● **Task goal**: In the listing below, find the line holding "Vintage ceramic vase" and the line holding "und Halloween als". Write out those two lines and all lines between, exactly, and nothing more.

● **Data supplied**:
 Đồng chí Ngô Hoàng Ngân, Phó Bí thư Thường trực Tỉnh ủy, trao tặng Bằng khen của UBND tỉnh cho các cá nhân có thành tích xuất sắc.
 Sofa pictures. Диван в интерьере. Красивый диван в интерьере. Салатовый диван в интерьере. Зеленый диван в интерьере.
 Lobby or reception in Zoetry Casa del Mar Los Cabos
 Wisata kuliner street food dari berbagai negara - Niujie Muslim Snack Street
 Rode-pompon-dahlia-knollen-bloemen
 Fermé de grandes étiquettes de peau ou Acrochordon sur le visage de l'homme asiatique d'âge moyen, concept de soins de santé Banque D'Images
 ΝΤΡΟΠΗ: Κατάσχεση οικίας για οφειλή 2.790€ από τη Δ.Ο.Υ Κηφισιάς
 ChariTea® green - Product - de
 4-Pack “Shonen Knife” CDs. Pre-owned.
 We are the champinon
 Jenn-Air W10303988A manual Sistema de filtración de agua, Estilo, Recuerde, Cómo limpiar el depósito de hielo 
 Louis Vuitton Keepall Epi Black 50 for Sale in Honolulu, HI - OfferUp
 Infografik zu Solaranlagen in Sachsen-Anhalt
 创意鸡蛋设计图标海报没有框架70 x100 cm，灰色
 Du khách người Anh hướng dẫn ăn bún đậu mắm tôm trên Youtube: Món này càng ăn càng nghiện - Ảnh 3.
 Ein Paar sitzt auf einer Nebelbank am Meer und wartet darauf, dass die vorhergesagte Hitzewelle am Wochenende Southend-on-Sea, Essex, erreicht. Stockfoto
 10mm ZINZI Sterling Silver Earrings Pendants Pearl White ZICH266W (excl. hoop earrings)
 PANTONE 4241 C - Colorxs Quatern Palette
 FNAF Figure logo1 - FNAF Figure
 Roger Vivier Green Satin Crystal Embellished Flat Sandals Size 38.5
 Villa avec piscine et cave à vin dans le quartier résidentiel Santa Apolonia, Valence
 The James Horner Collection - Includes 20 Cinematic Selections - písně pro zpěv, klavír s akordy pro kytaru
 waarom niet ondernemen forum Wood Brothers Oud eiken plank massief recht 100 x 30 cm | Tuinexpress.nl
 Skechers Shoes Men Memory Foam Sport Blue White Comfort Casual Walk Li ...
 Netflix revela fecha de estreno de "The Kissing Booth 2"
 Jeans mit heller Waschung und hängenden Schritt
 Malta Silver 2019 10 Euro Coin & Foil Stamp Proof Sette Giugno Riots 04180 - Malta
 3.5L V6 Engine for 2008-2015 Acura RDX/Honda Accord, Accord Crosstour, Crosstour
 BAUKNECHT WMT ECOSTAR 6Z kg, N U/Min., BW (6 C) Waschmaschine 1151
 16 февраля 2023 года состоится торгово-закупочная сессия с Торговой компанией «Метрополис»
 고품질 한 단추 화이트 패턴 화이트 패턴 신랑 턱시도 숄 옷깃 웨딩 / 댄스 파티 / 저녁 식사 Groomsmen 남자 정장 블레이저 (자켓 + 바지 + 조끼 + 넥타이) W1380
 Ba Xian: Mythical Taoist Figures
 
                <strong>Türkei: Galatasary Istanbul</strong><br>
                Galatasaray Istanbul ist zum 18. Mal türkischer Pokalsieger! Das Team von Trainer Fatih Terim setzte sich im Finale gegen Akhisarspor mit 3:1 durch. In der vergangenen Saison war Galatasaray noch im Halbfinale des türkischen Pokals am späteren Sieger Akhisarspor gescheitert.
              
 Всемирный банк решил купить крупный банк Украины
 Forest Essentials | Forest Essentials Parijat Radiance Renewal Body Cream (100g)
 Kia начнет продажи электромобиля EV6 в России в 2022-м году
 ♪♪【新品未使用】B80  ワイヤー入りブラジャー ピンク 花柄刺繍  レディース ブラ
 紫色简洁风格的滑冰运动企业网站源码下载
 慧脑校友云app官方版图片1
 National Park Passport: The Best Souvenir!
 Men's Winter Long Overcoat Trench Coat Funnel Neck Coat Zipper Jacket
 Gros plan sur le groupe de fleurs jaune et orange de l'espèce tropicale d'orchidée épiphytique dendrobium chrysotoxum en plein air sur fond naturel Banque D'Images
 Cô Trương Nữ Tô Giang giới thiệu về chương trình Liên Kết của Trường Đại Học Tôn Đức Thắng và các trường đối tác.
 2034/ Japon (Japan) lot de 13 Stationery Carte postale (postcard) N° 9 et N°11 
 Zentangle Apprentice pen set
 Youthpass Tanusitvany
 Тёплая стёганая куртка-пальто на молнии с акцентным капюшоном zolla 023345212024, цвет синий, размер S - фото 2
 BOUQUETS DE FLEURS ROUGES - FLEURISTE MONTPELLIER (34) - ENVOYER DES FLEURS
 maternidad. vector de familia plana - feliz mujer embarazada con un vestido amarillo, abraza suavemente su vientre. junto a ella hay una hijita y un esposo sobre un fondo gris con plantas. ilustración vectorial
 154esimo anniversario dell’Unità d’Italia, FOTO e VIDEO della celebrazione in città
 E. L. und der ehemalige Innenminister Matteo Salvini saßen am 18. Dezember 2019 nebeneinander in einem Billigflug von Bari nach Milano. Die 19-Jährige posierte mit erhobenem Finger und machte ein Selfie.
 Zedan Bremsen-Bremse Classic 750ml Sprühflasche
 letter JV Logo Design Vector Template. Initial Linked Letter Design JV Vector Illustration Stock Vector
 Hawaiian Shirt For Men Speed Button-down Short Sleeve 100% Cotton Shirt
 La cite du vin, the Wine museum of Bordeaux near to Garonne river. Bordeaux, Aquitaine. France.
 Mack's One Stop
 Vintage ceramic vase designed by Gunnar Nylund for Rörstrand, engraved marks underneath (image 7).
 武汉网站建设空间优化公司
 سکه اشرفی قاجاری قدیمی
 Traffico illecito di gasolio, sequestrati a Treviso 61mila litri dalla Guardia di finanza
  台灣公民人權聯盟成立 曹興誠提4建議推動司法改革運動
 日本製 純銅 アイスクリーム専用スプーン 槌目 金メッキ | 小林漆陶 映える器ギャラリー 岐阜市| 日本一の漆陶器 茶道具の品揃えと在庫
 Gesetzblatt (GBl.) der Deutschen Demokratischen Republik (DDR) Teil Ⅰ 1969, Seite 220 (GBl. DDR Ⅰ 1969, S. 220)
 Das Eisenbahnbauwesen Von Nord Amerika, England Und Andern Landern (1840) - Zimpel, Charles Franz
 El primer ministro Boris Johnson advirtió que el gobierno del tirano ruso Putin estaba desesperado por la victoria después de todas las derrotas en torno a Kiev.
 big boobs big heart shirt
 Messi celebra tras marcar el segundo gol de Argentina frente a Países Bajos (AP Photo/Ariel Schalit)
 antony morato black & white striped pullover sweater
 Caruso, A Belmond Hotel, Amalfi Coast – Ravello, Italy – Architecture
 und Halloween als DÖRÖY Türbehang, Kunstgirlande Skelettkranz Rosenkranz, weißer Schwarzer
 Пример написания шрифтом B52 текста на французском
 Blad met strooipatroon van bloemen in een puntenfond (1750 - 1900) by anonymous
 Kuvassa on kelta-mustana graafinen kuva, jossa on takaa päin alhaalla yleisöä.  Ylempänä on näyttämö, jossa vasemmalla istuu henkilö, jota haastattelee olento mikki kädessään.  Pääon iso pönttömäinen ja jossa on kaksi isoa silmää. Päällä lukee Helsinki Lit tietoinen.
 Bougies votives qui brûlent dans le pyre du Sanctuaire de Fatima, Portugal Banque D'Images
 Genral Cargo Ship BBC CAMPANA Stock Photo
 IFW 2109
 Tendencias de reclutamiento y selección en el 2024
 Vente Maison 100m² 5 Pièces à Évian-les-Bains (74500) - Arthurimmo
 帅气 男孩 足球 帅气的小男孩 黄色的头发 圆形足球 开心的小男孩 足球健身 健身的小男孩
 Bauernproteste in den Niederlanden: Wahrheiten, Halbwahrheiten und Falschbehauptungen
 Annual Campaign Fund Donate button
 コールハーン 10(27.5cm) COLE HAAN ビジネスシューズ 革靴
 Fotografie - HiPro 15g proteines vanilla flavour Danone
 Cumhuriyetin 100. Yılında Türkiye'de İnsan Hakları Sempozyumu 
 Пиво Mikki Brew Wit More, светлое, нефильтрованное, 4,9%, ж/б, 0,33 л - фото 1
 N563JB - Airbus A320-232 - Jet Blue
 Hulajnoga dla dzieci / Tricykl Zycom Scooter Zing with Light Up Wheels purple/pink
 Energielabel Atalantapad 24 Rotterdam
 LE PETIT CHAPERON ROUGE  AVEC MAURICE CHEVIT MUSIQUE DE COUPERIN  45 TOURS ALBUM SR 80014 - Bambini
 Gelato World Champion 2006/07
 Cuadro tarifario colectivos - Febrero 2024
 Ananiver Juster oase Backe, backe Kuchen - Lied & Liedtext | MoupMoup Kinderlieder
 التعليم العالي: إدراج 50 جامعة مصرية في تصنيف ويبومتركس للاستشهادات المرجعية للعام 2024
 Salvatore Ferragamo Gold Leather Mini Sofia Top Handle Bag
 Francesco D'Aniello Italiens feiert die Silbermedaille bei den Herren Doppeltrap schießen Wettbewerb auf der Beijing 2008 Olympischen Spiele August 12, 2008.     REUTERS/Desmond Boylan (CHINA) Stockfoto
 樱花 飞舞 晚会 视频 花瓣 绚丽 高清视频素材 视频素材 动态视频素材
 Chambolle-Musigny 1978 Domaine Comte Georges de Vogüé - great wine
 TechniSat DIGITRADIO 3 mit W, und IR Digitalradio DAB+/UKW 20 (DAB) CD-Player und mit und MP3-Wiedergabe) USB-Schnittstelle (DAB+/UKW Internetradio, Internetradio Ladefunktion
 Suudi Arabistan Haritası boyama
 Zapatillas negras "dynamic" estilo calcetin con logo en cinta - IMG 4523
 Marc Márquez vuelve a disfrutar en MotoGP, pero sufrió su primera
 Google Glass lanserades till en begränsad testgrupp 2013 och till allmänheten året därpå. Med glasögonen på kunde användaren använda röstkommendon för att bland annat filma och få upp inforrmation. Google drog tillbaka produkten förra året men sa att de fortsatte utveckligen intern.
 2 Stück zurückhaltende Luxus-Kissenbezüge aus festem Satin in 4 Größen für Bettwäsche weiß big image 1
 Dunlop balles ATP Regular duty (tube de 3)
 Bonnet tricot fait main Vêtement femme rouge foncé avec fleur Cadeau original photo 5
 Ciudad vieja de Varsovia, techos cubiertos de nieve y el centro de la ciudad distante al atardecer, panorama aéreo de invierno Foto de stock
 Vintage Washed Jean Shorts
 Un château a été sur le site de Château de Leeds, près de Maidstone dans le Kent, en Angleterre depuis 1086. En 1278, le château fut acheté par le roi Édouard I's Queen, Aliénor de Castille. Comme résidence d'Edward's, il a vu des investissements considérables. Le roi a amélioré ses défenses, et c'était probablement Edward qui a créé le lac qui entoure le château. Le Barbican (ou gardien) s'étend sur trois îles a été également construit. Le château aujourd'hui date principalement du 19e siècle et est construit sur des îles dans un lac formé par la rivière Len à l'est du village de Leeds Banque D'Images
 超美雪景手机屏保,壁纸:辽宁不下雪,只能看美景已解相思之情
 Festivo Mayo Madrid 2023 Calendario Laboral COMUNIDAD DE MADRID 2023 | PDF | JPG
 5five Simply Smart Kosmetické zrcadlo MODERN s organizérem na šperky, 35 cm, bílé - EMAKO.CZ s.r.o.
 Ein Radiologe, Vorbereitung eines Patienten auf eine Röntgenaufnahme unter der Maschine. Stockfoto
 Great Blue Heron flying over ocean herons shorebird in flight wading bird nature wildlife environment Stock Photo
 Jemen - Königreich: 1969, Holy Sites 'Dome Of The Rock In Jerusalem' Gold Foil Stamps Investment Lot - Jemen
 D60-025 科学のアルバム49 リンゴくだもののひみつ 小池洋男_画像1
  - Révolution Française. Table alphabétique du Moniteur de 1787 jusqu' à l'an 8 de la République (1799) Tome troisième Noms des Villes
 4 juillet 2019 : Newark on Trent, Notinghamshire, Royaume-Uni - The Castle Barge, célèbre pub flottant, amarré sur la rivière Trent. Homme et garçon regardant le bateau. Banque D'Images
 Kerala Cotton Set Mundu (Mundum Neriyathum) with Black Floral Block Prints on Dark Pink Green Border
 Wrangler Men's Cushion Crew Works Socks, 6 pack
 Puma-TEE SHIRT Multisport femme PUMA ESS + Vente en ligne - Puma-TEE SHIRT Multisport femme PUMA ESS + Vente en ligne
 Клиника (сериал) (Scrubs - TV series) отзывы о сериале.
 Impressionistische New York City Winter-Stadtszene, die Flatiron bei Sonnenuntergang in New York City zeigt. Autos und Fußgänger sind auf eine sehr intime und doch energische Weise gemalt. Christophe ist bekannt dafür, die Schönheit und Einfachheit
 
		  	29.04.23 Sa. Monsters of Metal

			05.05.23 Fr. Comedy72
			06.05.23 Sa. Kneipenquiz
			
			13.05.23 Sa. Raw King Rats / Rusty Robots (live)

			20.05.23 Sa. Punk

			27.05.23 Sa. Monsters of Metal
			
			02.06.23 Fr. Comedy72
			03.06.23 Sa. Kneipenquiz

● **Task answer**:
 Vintage ceramic vase designed by Gunnar Nylund for Rörstrand, engraved marks underneath (image 7).
 武汉网站建设空间优化公司
 سکه اشرفی قاجاری قدیمی
 Traffico illecito di gasolio, sequestrati a Treviso 61mila litri dalla Guardia di finanza
  台灣公民人權聯盟成立 曹興誠提4建議推動司法改革運動
 日本製 純銅 アイスクリーム専用スプーン 槌目 金メッキ | 小林漆陶 映える器ギャラリー 岐阜市| 日本一の漆陶器 茶道具の品揃えと在庫
 Gesetzblatt (GBl.) der Deutschen Demokratischen Republik (DDR) Teil Ⅰ 1969, Seite 220 (GBl. DDR Ⅰ 1969, S. 220)
 Das Eisenbahnbauwesen Von Nord Amerika, England Und Andern Landern (1840) - Zimpel, Charles Franz
 El primer ministro Boris Johnson advirtió que el gobierno del tirano ruso Putin estaba desesperado por la victoria después de todas las derrotas en torno a Kiev.
 big boobs big heart shirt
 Messi celebra tras marcar el segundo gol de Argentina frente a Países Bajos (AP Photo/Ariel Schalit)
 antony morato black & white striped pullover sweater
 Caruso, A Belmond Hotel, Amalfi Coast – Ravello, Italy – Architecture
 und Halloween als DÖRÖY Türbehang, Kunstgirlande Skelettkranz Rosenkranz, weißer Schwarzer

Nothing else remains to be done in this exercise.